🤖 AI Summary
This work addresses a systematic statistical bias introduced by random sampling in high-dimensional least squares and CUR decomposition, stemming from the nonlinear pseudoinverse operation—an effect unaccounted for by classical subspace embedding theory. The paper establishes a unified non-asymptotic analytical framework for high-dimensional randomized oblique projections, enabling the first systematic identification and quantification of this bias and revealing the suboptimality of prevailing sampling schemes. Leveraging a bias–variance decomposition, the authors propose a general debiasing estimator that substantially improves the approximation accuracy of subsampled ordinary least squares and CUR decomposition. Both theoretical analysis and empirical experiments demonstrate that the proposed debiased CUR algorithm achieves superior statistical efficiency while remaining computationally feasible in high-dimensional settings.
📝 Abstract
Random sampling is a fundamental tool in modern machine learning and numerical linear algebra for reducing the computational cost of large-scale matrix problems. Existing analyses, however, rely primarily on subspace embedding guarantees, which do not precisely characterize the statistical bias of nonlinear random oblique projections induced by sampling, which arises ubiquitously in subsampled least squares and fast low-rank approximation methods. Because (pseudo)inversion is nonlinear, these random oblique projections can be systematically biased even when the underlying sketch is unbiased, thereby introducing hidden bias into downstream least squares and low-rank approximation solutions.

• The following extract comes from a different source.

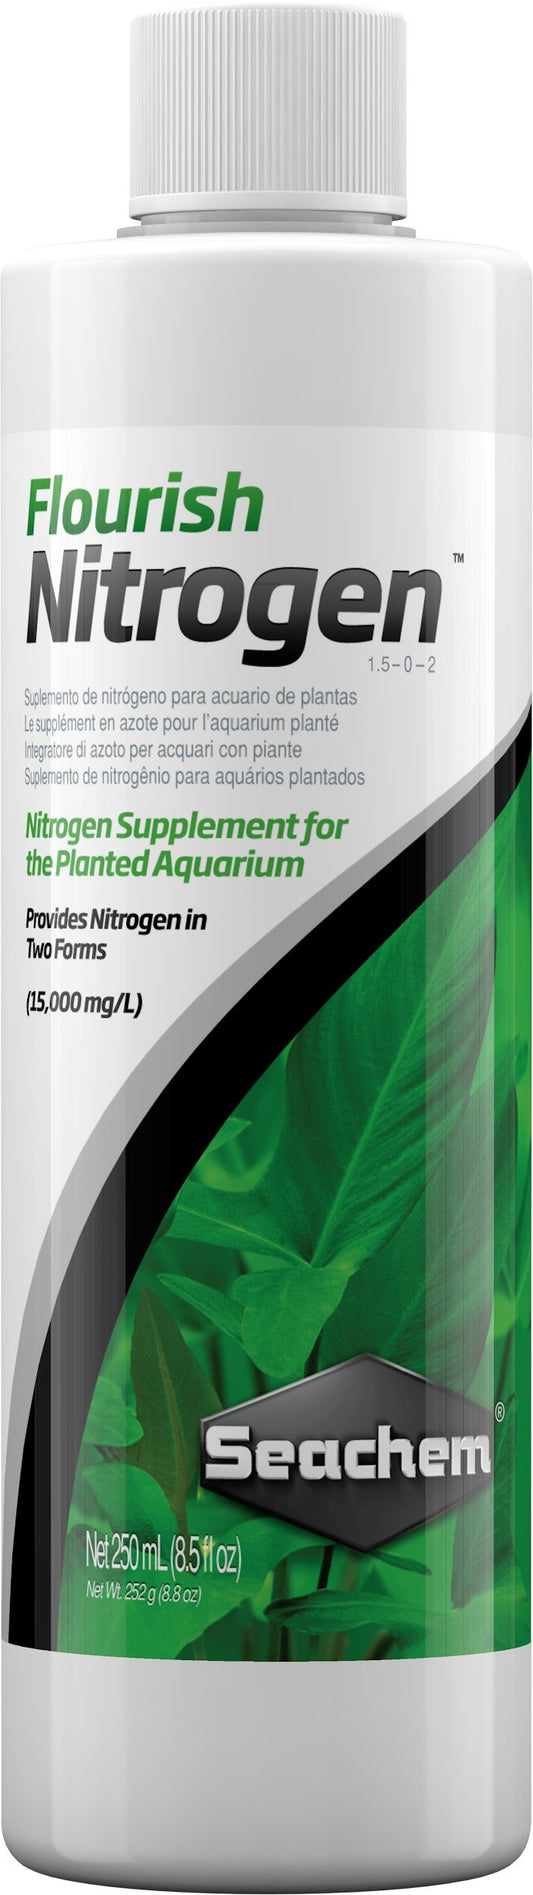 Flourish Nitrogen - Discus Roa Fish

In this work, we develop a unified non-asymptotic theory for random oblique projections in high dimensions. We show that standard random sampling schemes generally induce a systematic statistical bias overlooked by classical subspace embedding-style analyses, and we propose a principled debiasing framework to correct it. We illustrate the power of the theory through two canonical applications. For subsampled least squares, we obtain sharp bias--variance characterizations, reveal previously unrecognized statistical suboptimality in widely used sampling schemes, and identify when debiasing yields provable improvements. For fast CUR decomposition, we develop a debiased approach with improved approximation accuracy. Numerical experiments further validate our theoretical findings.